Ponho a mochila às costas e dou um abraço sorridente ao
condutor que eu adorava... Não os queria deixar, mas tinha vontade de voltar a
casa e viver em paz... Abraço o F com força e troco umas palavras de
cortesia... Depois de dar os primeiros passos no sentido da fronteira do fim da
guerra, ouço o F a chamar-me: “Gustavo, don´t Forget about us!” e eu virei-me
para eles e vejo os seus sorrisos de desespero e respondo a bater no peito com
a mão direita: “ Never my friend, NEVER!” E rapidamente virei as costas para
que não vissem que me desfazia em lágrimas...
É como sair de uma prisão e ouvir a porta a bater por detrás
de nós... É fácil entrar quando sabemos que podemos sair... Mas para quem está
lá dentro e não tem escape a vida é muito dolorosa...

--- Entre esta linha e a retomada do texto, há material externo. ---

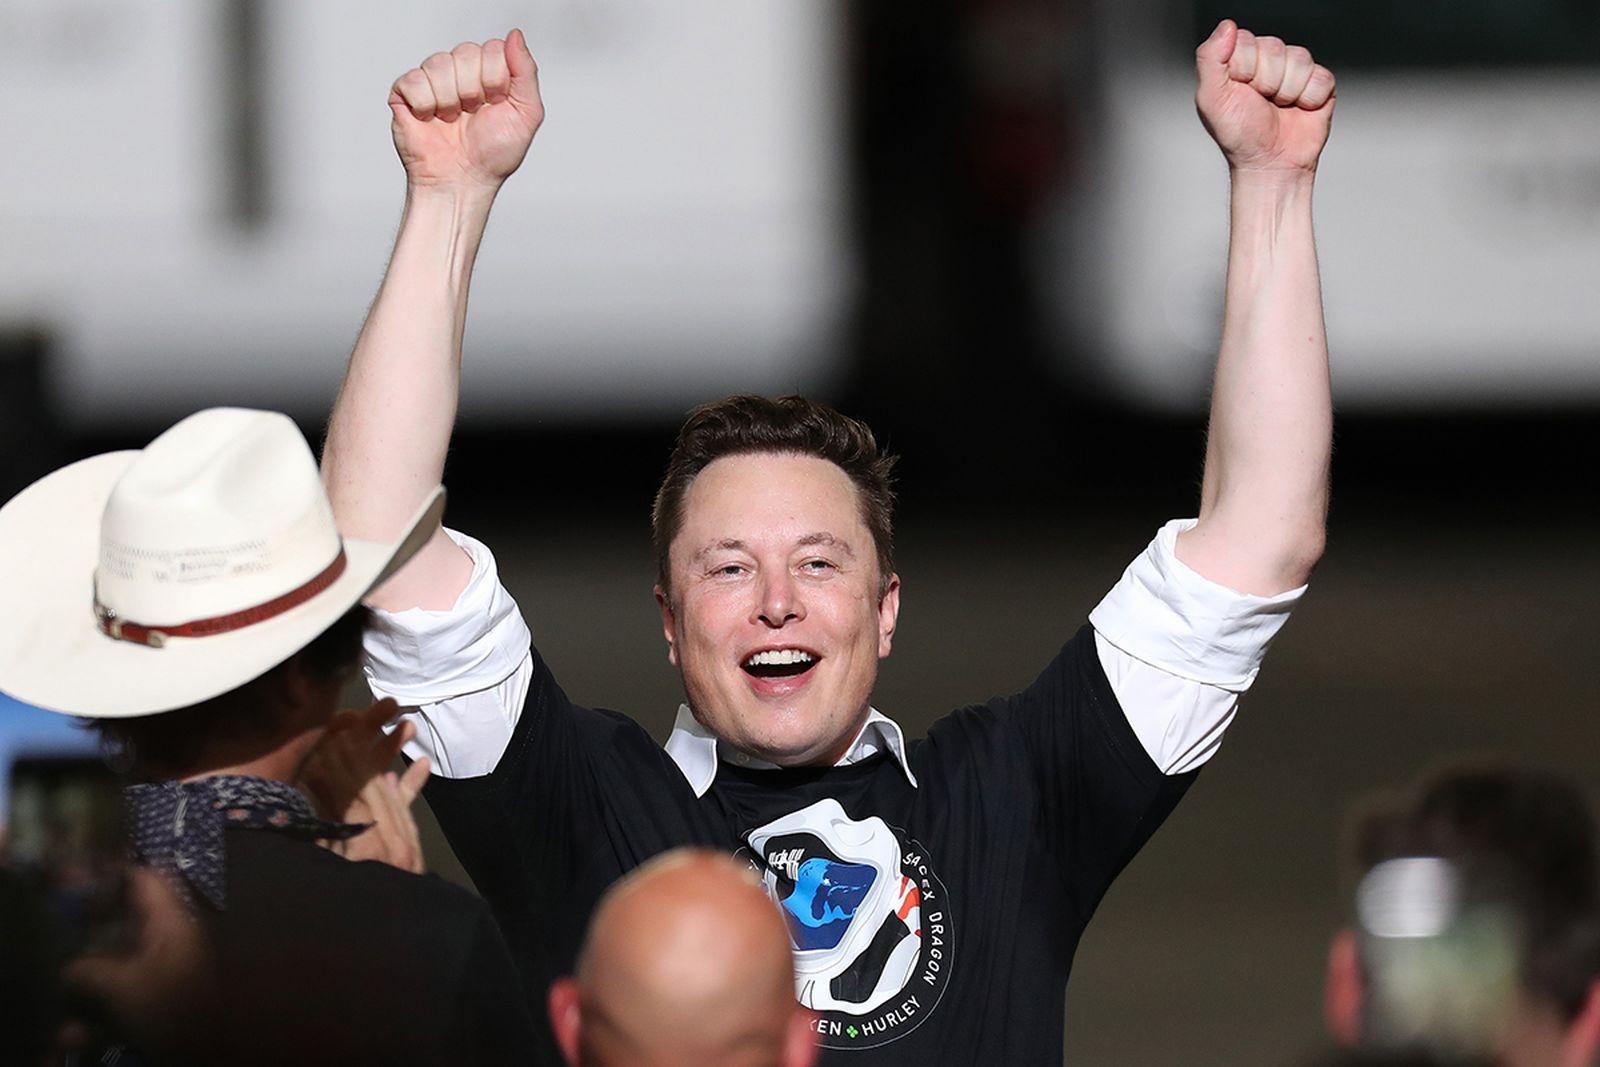 Elon Musk smiling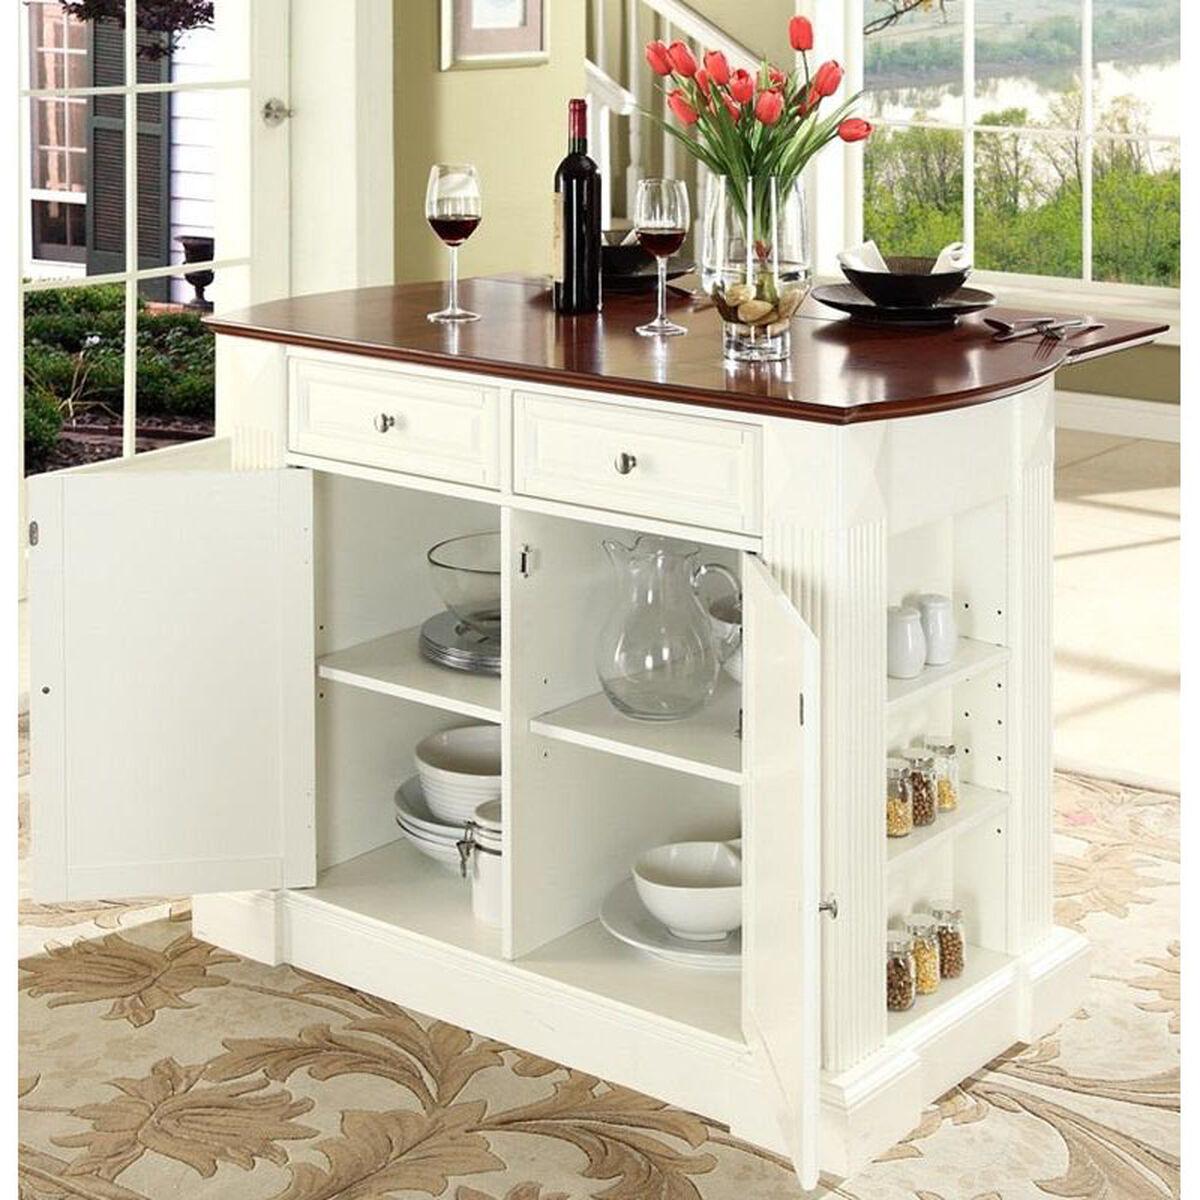 Drop Leaf Breakfast Bar Top Kitchen Island In Classic: Drop Leaf Kitchen Island KF30007WH

Na fila para sair do inferno as pessoas estão de cara
fechada, a sua expressão carrega a dor de anos de guerra e perdas
inenarráveis... Tanto perdem que optam por perder o que mais amam, a sua terra,
a sua gente, o seu país... Sou o único não-Sírio que testemunha aquele momento
trágico de abandono, rodeado de gente que carrega consigo uma história de
desespero escrita a sangue...

Carimbo o passaporte ao entrar na Turquia e viram-se os
mundos, mas até hoje há um pedaço de mim que ficou naquele país e ecoam-me as
palavras que disse ao meu amigo e tradutor F...
“Nunca vos esquecerei!”
Todos estes textos mereciam ficar em "registo escrito: um livro". São histórias de vida, entre a guerra e a paz(pelo menos a paz interior), memórias de um povo que sofre anónimo(porque não se fala dele, sobretudo os sofrimentos da gente do Congo porque da Siria ainda se vai falando remotamente). Estes textos não são apenas "histórias de uma alma sensível" mas retratam bocados da História Mundial que "passa ao lado" dos mídia. E quando nos apresentam a verdade nunca a saberemos se não contada por quem esteve lá, no meio dos gemidos de gente valente, que se fez um deles por uma vida e de quem eles, os desprotegidos e massacrados, nunca se esquecerão. Fazer parte da História de um povo sofredor não é para qualquer um. Aqui nas redes sociais, apaga-se tudo com um clique. A memória só se faz em registo escrito para os leitores de todo o Mundo. Acho que valia a pena! Além de retratar muito bem os factos, fá-lo com o coração. Será sempre um Livro onde o protagonista é ao mesmo tempo actor e personagem que vê por fora e por dentro da guerra. É tão emotiva a forma como fala dos seus doentes, daqueles que ajudou a salvar e dos recursos "à mão", das técnicas de intervenção ora eruditas ora rudimentares, e tão amorosa a forma como os descreve, que nos faz amá-los mesmo de longe. É um veiculo de esperança e como diz:"O Mundo precisa de saber". Força, Dr. Gustavo! Bem-haja!